In this way, this embodiment has the second shot diodes 14 and 17, and uses their shot barrier height of 0.3V to fix the read low level of the bit lines N5 and N6 to 0.3V. Since the line clamp circuits 20 and 30 are provided, when the word line N4 rises, the low side bit line N
Always keep the low level read to 5 or N6.
0.3V, which can suppress variations in access time.

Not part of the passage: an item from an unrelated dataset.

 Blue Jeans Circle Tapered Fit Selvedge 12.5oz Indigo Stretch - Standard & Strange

In the above embodiment, the shot barrier height of the second shot diodes 14 and 17 is
Although the case of 0.3V is shown, the reading low level of the bit line may be arbitrarily adjusted by changing the height of this shot barrier as necessary.

〔Effect of the invention〕

As described above, according to the present invention, the power supply voltage is clamped by the shot barrier height of the shot diode, and this clamp voltage is applied to the bit line as a low level read potential. The level can be kept constant regardless of variations in element characteristics of individual memory cells, thereby making it possible to obtain a semiconductor memory device with small variations in access time between memory cells.

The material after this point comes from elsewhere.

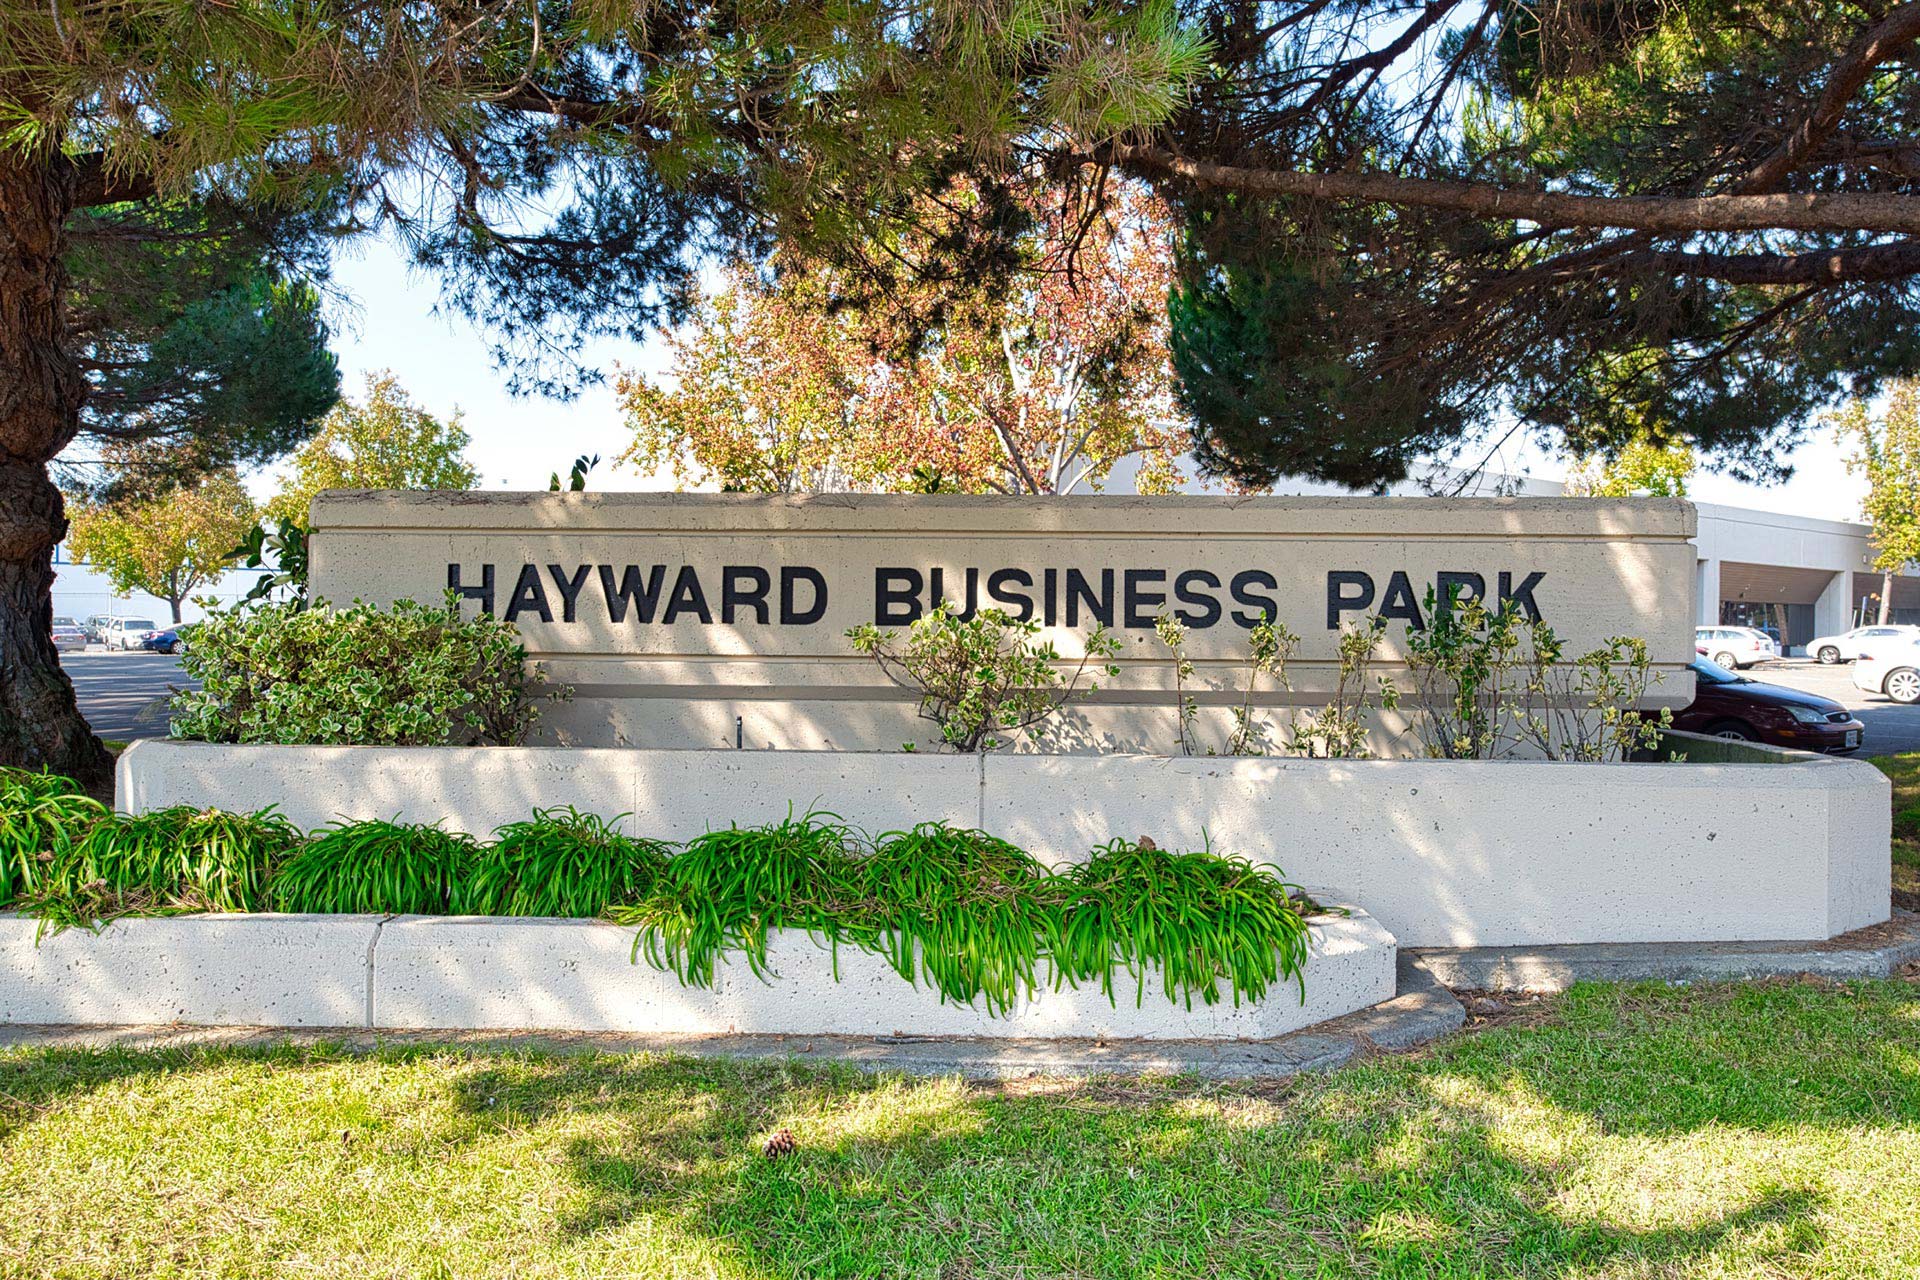 Hayward Business Park exterior entrance sign photo

[Brief explanation of drawings]

FIG. 1 is a circuit diagram showing the configuration of memory cells, word lines, and bit lines of a semiconductor memory device according to an embodiment of the present invention, and FIG. 2 is a circuit diagram showing the configuration of memory cells, word lines, and bit lines of a conventional semiconductor memory device. FIG. 3 is a diagram showing the change over time in the bit line read level when the bit line read low level varies. In the figure, 1 is a memory cell, 2 and 3 are normally-on MESFETs, 4 to 7, 10 to 12, and 15 are normally-off MESFETs, 8 and 9 are resistive load elements, and 13, 14, 16, and 17 are shutters. Tsutoki diodes, N1 to N14 are each node, 20 and 30 are the first and second bit line clamp circuits, A is the bit line level waveform when the low level is the same in the previous cycle and the next cycle, and B is the waveform of the previous cycle. C is the bit line level waveform when the low level is higher in the previous cycle than in the subsequent cycle, and C is the bit line level waveform when the low level is lower in the previous cycle than in the subsequent cycle. Note that the same reference numerals in the figures indicate the same or equivalent parts.

Claims (1)

[Scope of Claims] 1. A static semiconductor memory device formed on a semi-insulating substrate, comprising a clamp circuit that has a shot diode and clamps a power supply voltage according to the height of its shot barrier, and when reading, A semiconductor memory device characterized in that the clamp voltage is applied to a bit line as a low level read potential. 2 The above clamp circuit consists of a normally-off MESFET whose drain is connected to the power supply and whose gate receives a signal to control its conduction or non-conduction, a cathode, and an anode connected to the above.
A first Schottky diode connected to the source of the MESFET, and a second Schottky diode having an anode connected to the anode of the first Schottky diode and a cathode connected to the bit line. A semiconductor memory device according to claim 1. 3. The semiconductor memory device according to claim 2, wherein the shottock barrier height of the second shottock diode is lower than the shottock barrier height of the first shottock diode. 4 The gate of the above normally-off MESFET has
The above normally-off type when writing data
4. The semiconductor memory device according to claim 2, wherein a control signal is inputted to turn the MESFET into a non-conductive state.